§ **Study material**:
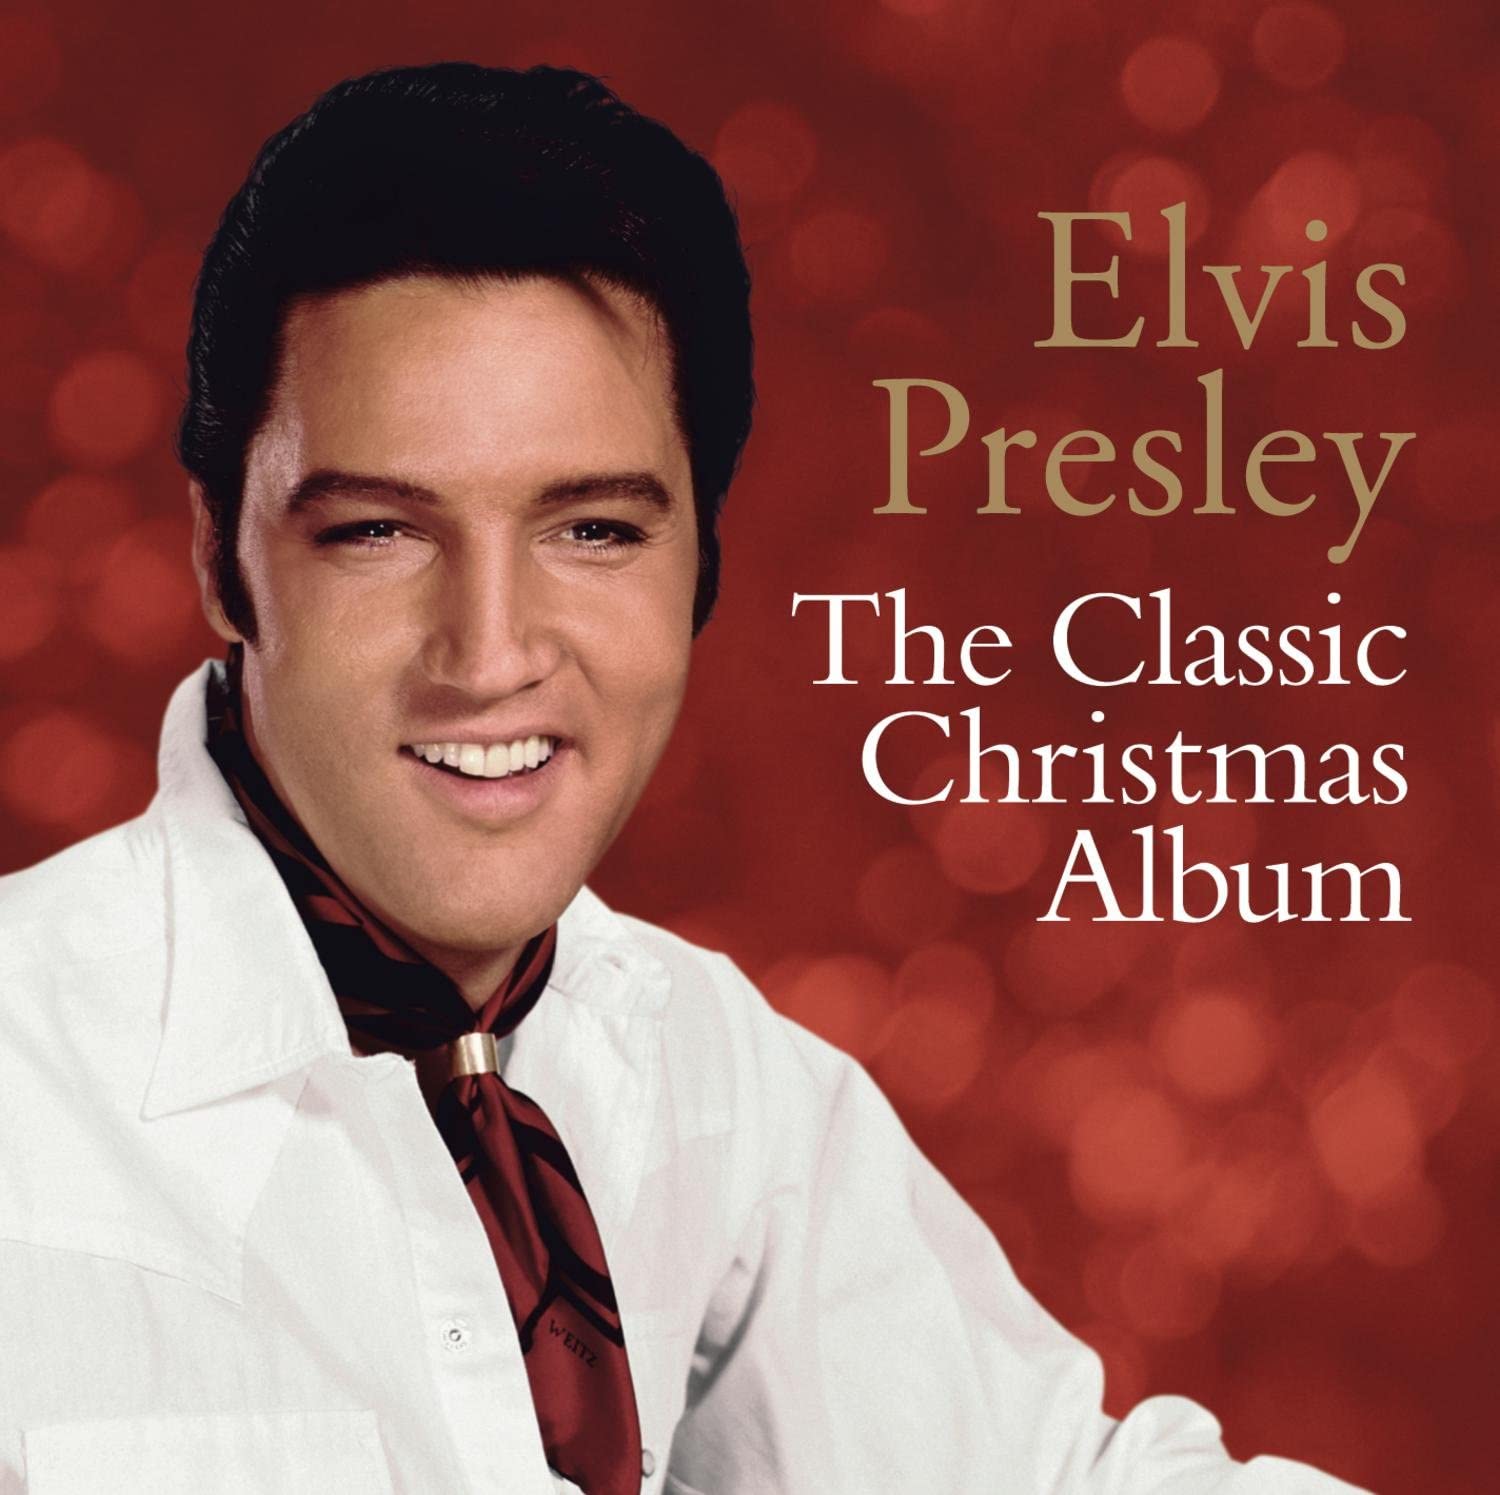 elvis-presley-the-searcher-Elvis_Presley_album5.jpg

* * *

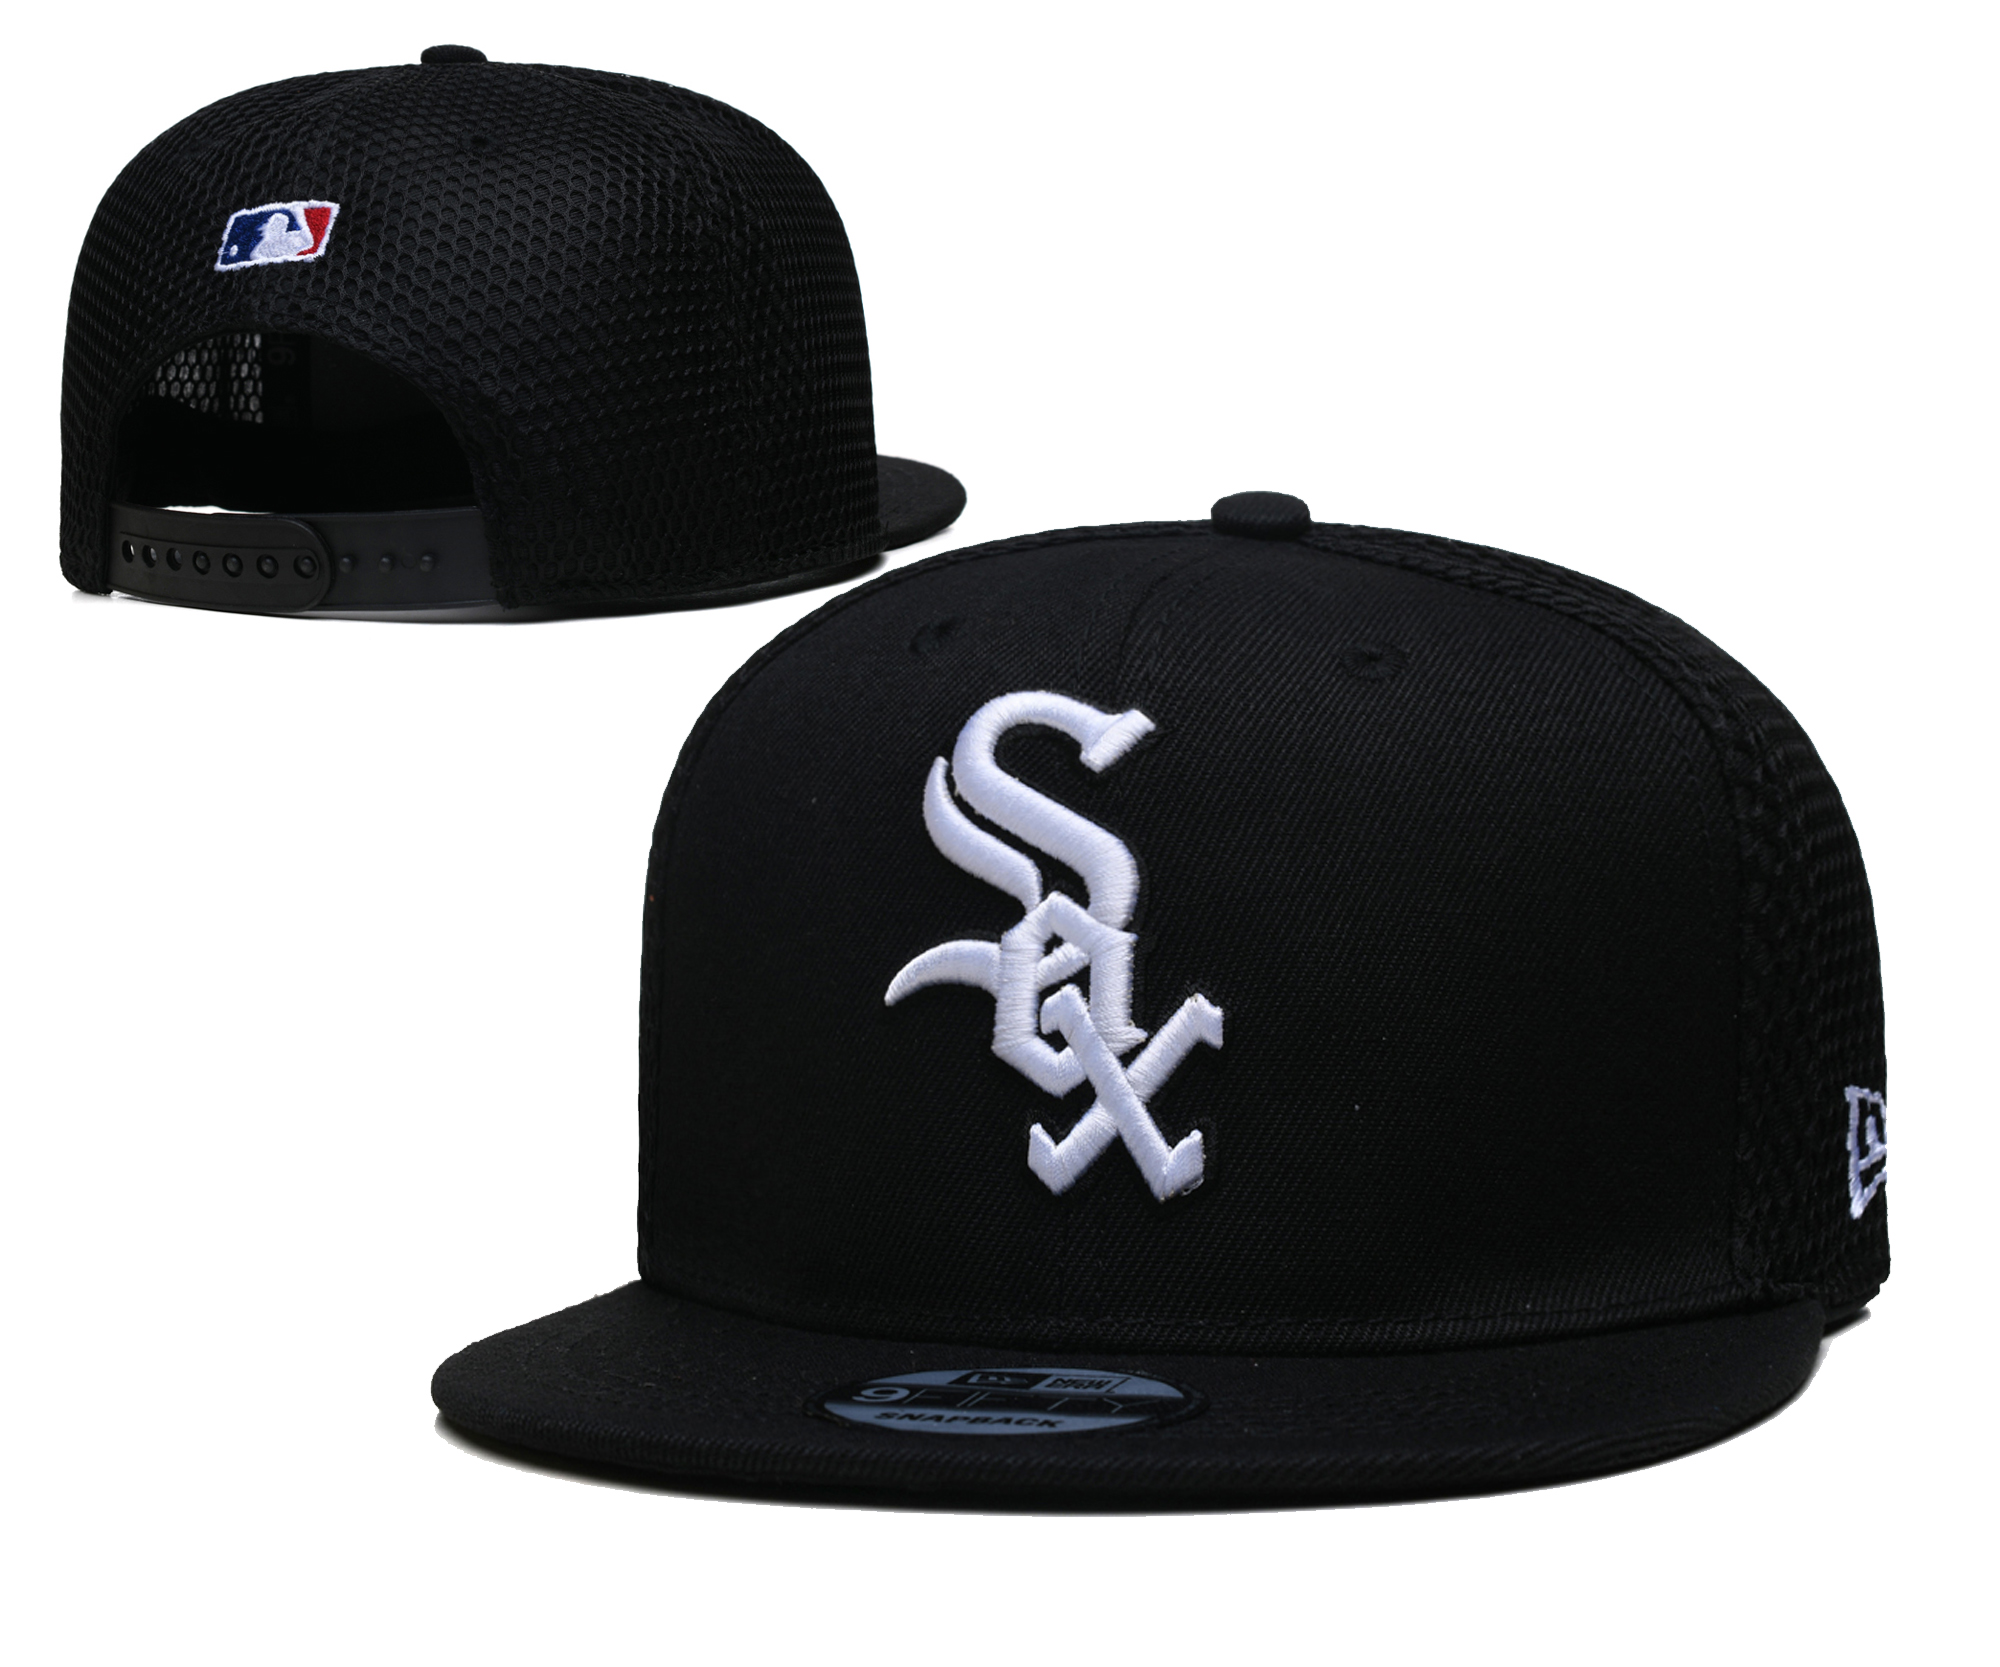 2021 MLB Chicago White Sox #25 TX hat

* * *

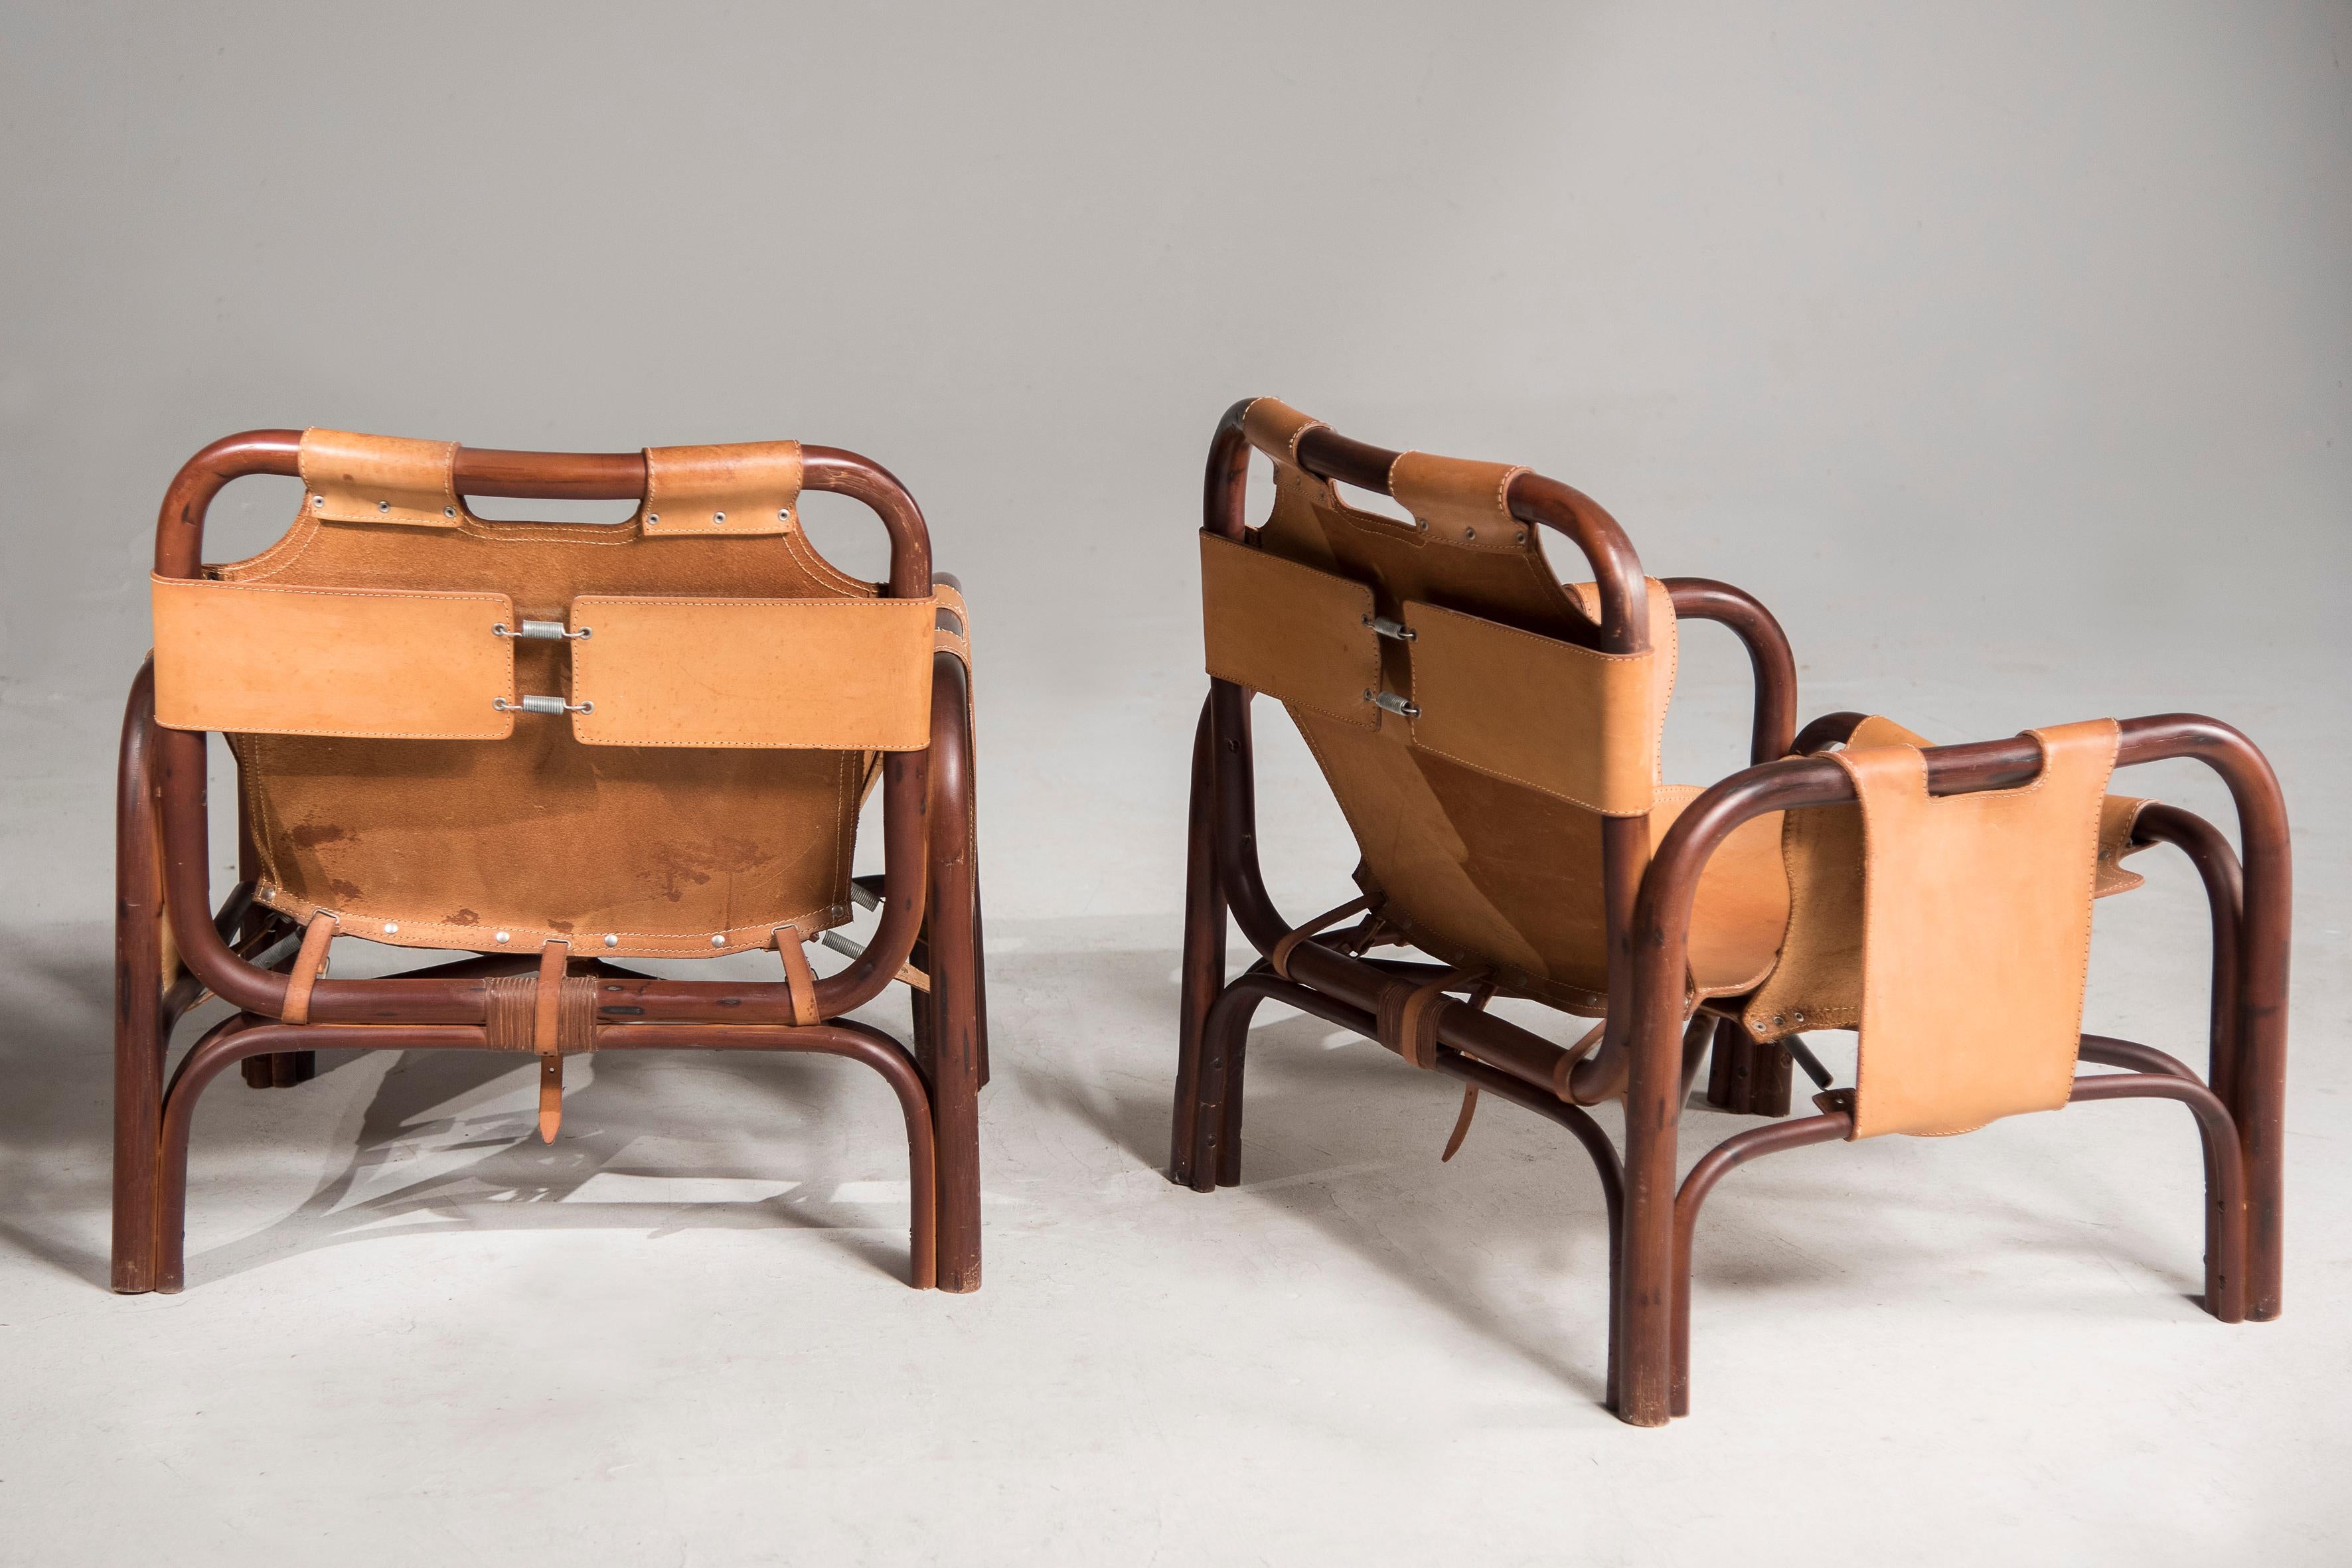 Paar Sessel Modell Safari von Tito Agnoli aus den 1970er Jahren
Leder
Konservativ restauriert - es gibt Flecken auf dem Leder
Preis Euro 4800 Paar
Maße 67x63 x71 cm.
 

§ **The task**: Copy every single line of the material above that holds "Leder".

§ **Answer to the exercise**:
Leder
Konservativ restauriert - es gibt Flecken auf dem Leder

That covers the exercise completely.